Bad cases make bad laws
With the recent assertion by SCO's chief counsel that `The GPL is invalid' based on an clearly absurd interpretation of copyright law, their case has completely severed what few strands of credibility it once possessed. Some people still argue that this is an important lawsuit, because of the possibility of related actions. This is to neglect the useful lawyer's maxim that bad cases make bad law. I don't think that significant precedents on IP will come from this farce, and the only non-prurient interest I see left is to understand why a well-regarded law firm like Boies, Schiller and Flexner has let its reputation be abused in this way.

Voting machines
Bram argued in his 13th August diary entry against the accuracy of electronic voting machines: in my last post, I tacitly made the assumption that if electronic voting systems are ever deployed, they will perform better than mechanical systems under normal circumstances. I realise that there are grounds to believe this an optimistic assumption; still it is important to bear in mind how bad mechanical systems are: apparently almost 1 in 30 votes is miscast or ignored.
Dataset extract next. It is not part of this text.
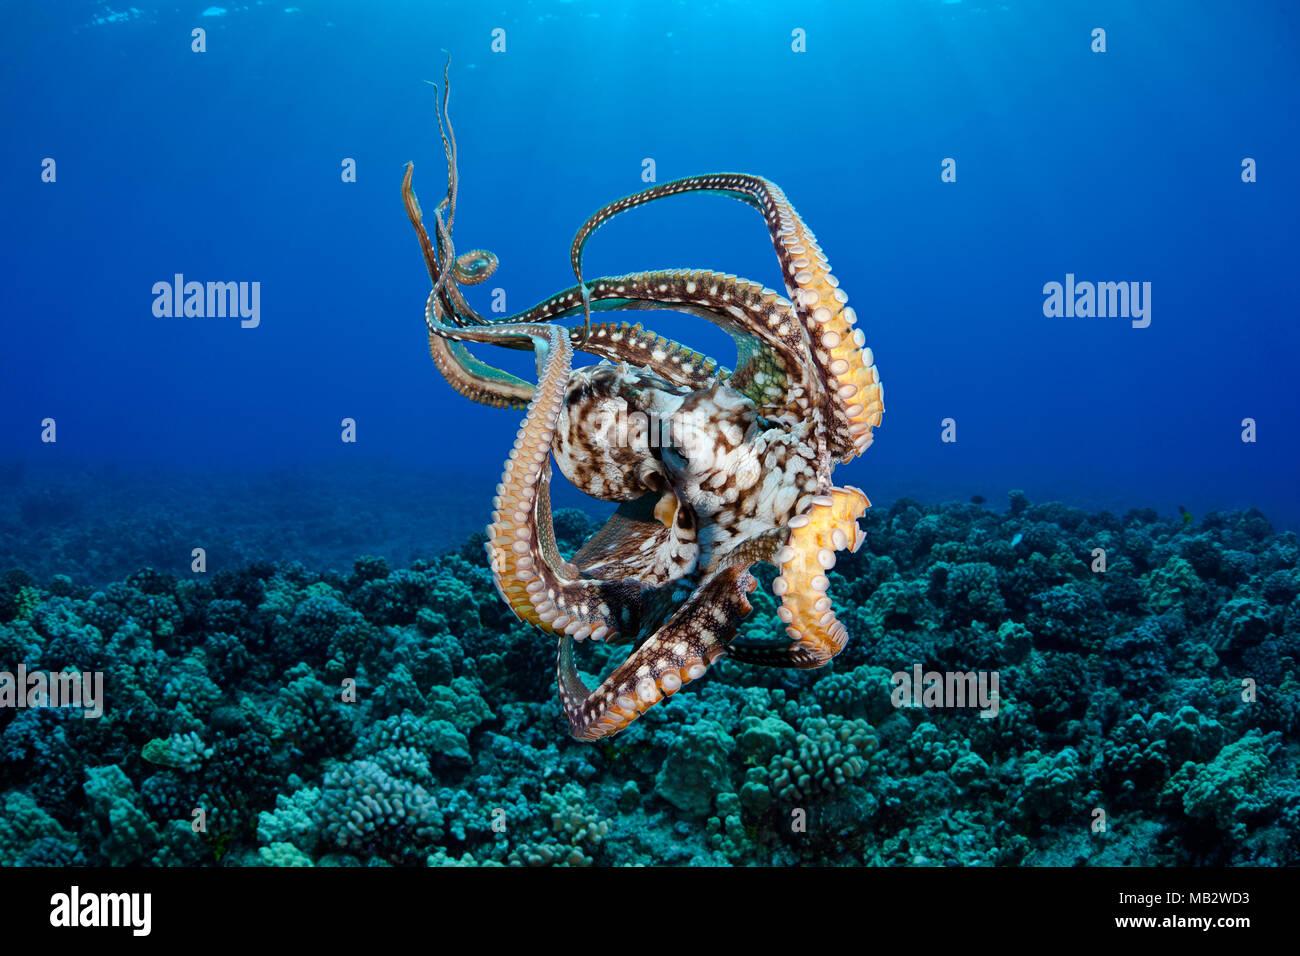 Diese Ansicht zeigt die Saugnäpfe auf diese acht bewaffneten Kopffüsser. Tag Krake, Octopus Cyanea, Hawaii. Stockbild

Also, there is no reason why electronic voting should not create a paper trail, although, I agree, most current proposals do not.

Bram's minefield
In Bram's 6th August entry Bram introduces a `game' played over ZFC: even in the simplified case of large cardinal axioms (LCAs), there may be no fact of the matter of which is stronger: if you look at the diagram of important LCAs in Kanamori's "The Higher Infinite", they form a partial order, not a linear order (I don't know whether this reflects known independence results or just ignorance). I do think as a kind of thought experiment, your exercise is illuminating; I like to think about how different mathematical pholosophy might be if results came to known in different order, might we regard a much weaker or stronger set theory as the default?

The Knight's Tour I
First in a series of posts on a combinatoric problem. A knights tour of an MxN chessboard is a sequence of squares of the board, where there is a valid knight's moves between each square and its successor, and where each square of the chessboard occurs exactly once. The tour is closed if its first square can be reached from its last. Can you prove that there are no solutions for 2x2, 3x3, and 4x4 boards, or closed solutions for the 5x5 board?

Erratum: The original version of this entry asked to prove there are no solutions to 5x5 boards, which is false: there are solutions, only no closed solutions.